Location: Hydrology and Remote Sensing LaboratoryTitle: SMAP Level 4 soil moisture estimates reveal possible bias in the runoff response of land surface models Author
|Chen, F. - Science Systems And Applications, Inc|
|Reiche, R. - Goddard Space Flight Center|
|Xia - National Oceanic & Atmospheric Administration (NOAA)|
|Liu, Q. - Goddard Space Flight Center|
Submitted to: Geophysical Research Letters
Publication Type: Peer Reviewed Journal
Publication Acceptance Date: 4/27/2018
Publication Date: 6/14/2018
Citation: Crow, W.T., Chen, F., Reiche, R., Xia, Liu, Q. 2018. SMAP Level 4 soil moisture estimates reveal possible bias in the runoff response of land surface models. Geophysical Research Letters. 45(10):4869-4878. https://doi.org/10.1016/j.rse.2018.05.008.
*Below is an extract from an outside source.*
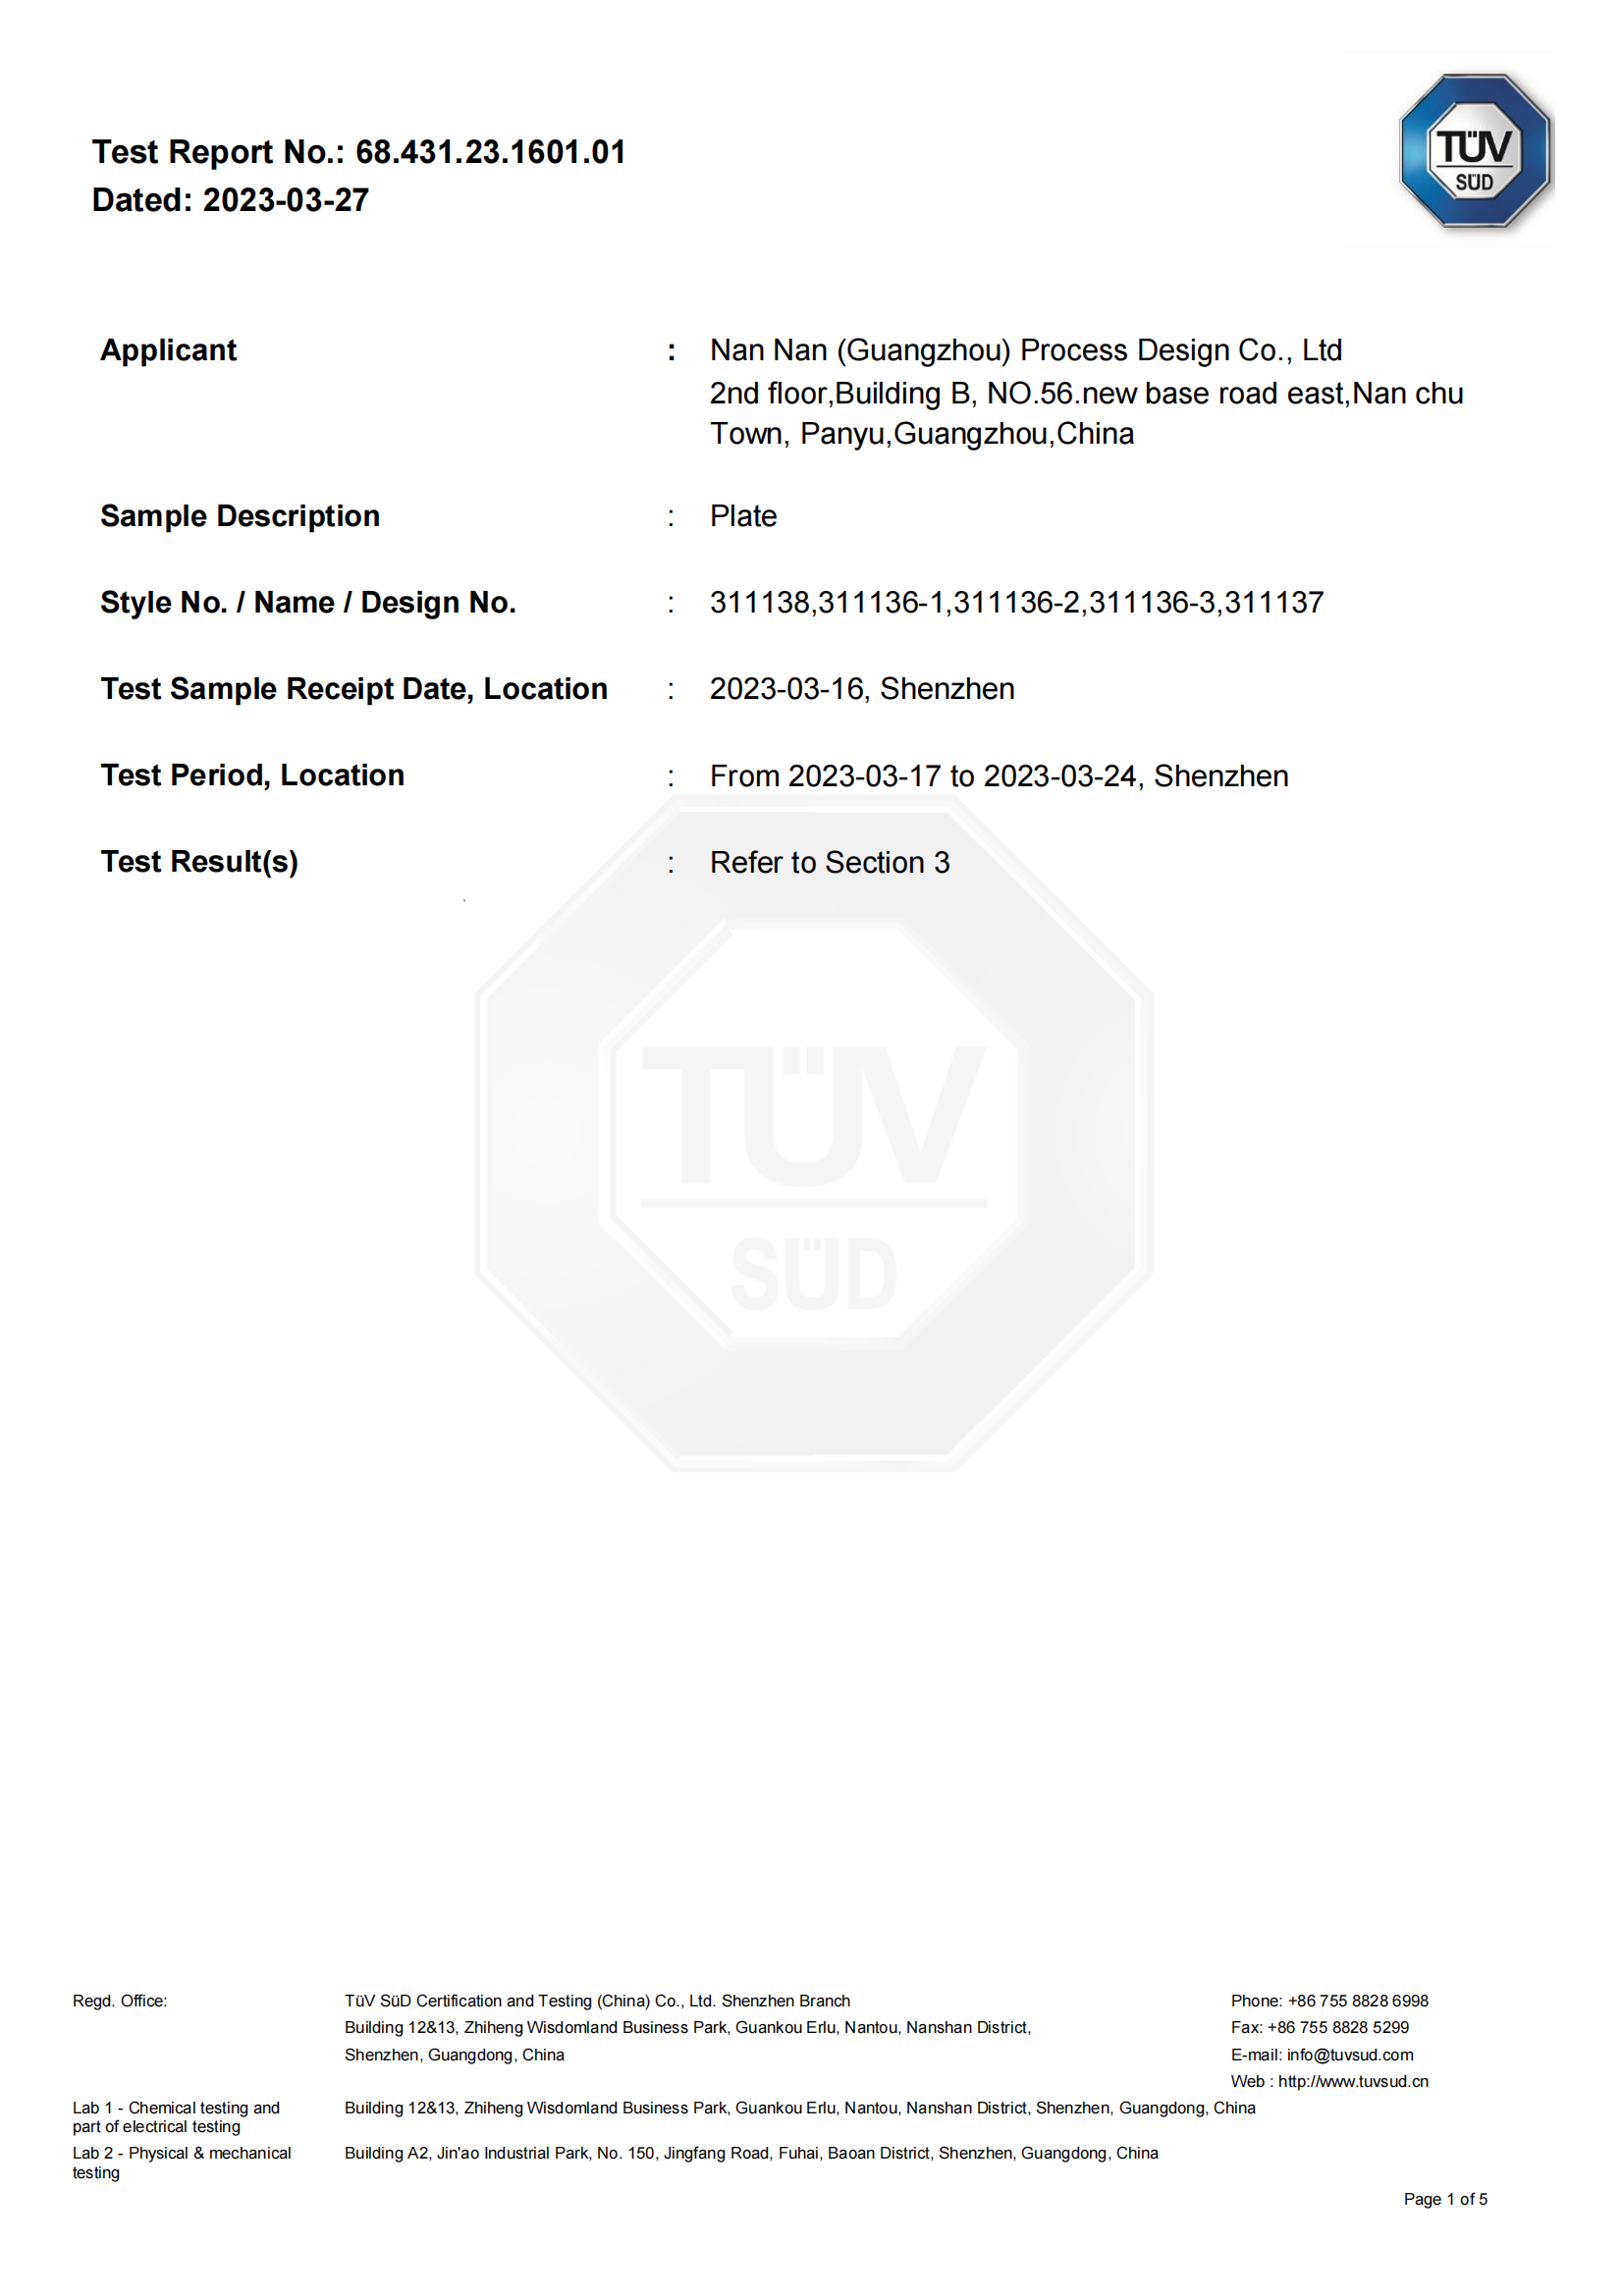 TUV Certification for Glass Plate__04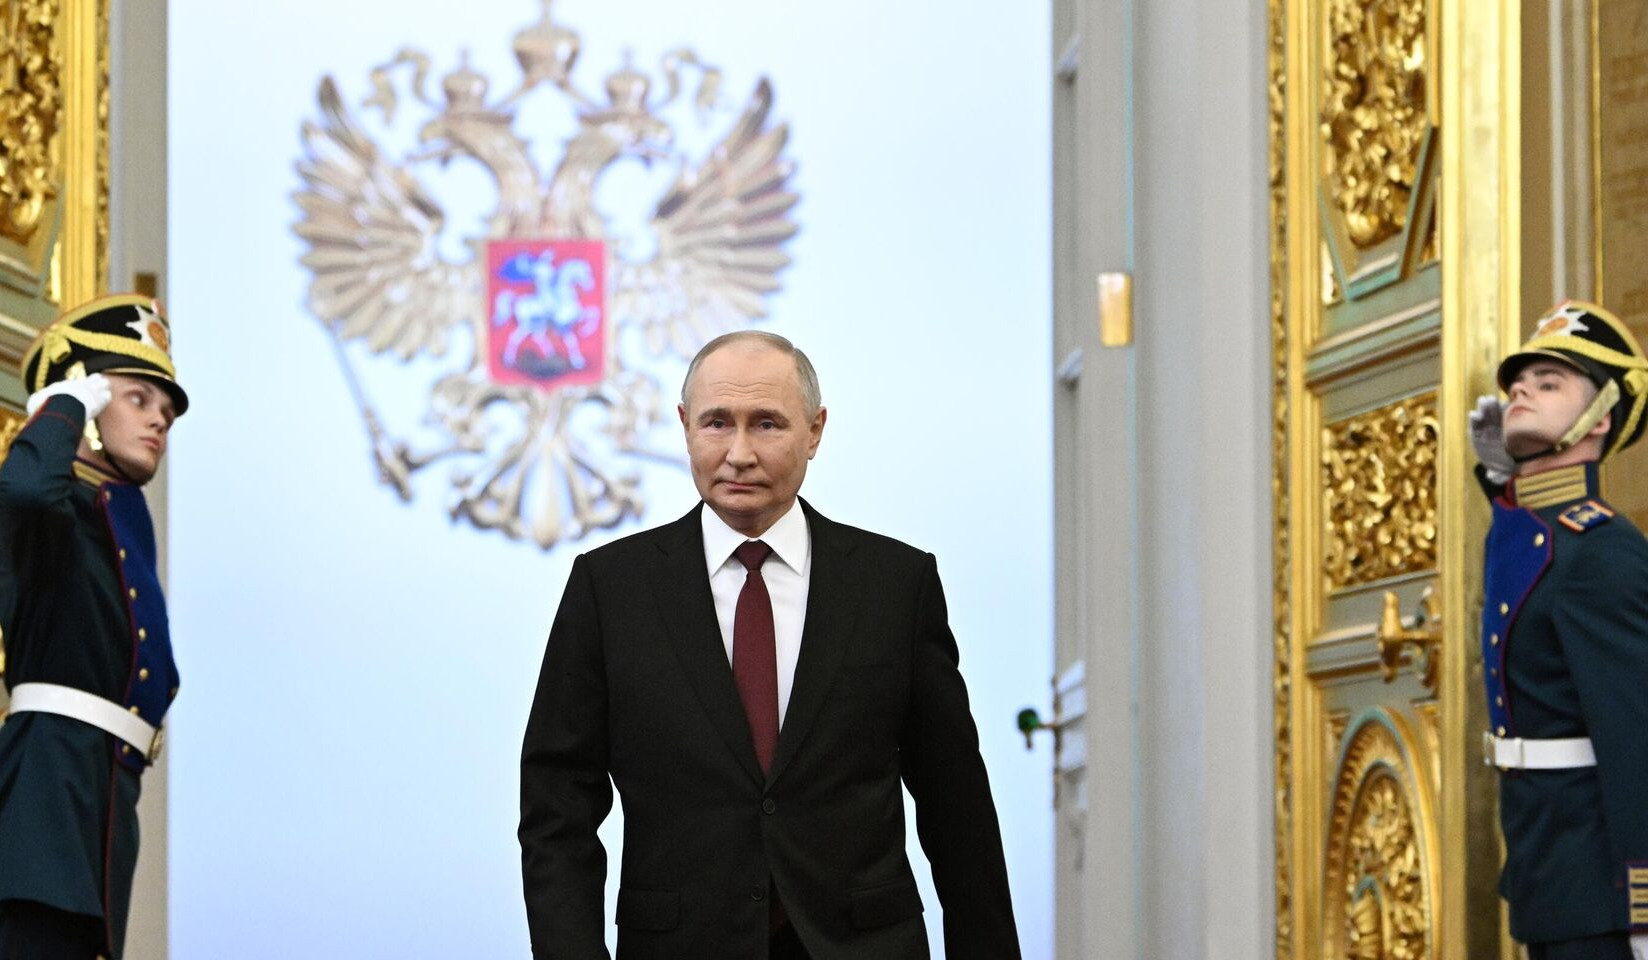 Russia's Vladimir Putin sworn in as president for the fifth term

DOI: https://doi.org/10.1016/j.rse.2018.05.008 Interpretive Summary: Hydrologic models attempt to predict the fraction of incoming rainfall which is converted into runoff (versus infiltrated into the soil). If accurate, these predictions are valuable for wide range of agricultural water use and water management applications. The ability of the land surface to infiltrate rainfall is largely dependent on the amount of water present in the soil column prior to the start of precipitation. Using a new satellite-based soil moisture data product, this paper examines whether existing hydrologic models can reproduce the correct relationship between pre-storm soil moisture and rainfall infiltration. Results indicate the models tend to underestimate the strength of this relationship and, therefore, under utilize available soil moisture information for predicting the land surface response to future rainfall events. Information in this paper will eventually be used to correct for this bias and enhance our ability to predict stream flow extremes associated with floods and droughts.
Technical Abstract: The accurate partitioning of precipitation into infiltration and runoff is a fundamental objective of land surface models tasked with characterizing the surface water and energy balance. Temporal variability in this partitioning is due, in part, to changes in pre-storm soil moisture which determine soil infiltration capacity. Utilizing surface and root-zone soil moisture estimates from the NASA Soil Moisture Active Passive (SMAP) Level 4 soil moisture product, we demonstrate that land surface models tend to underestimate the strength of the relationship between pre-storm soil moisture and subsequent storm-scale runoff generation efficiency. This implies that land models neglect a portion of hydrologic predictability afforded by knowledge of pre-storm soil moisture conditions.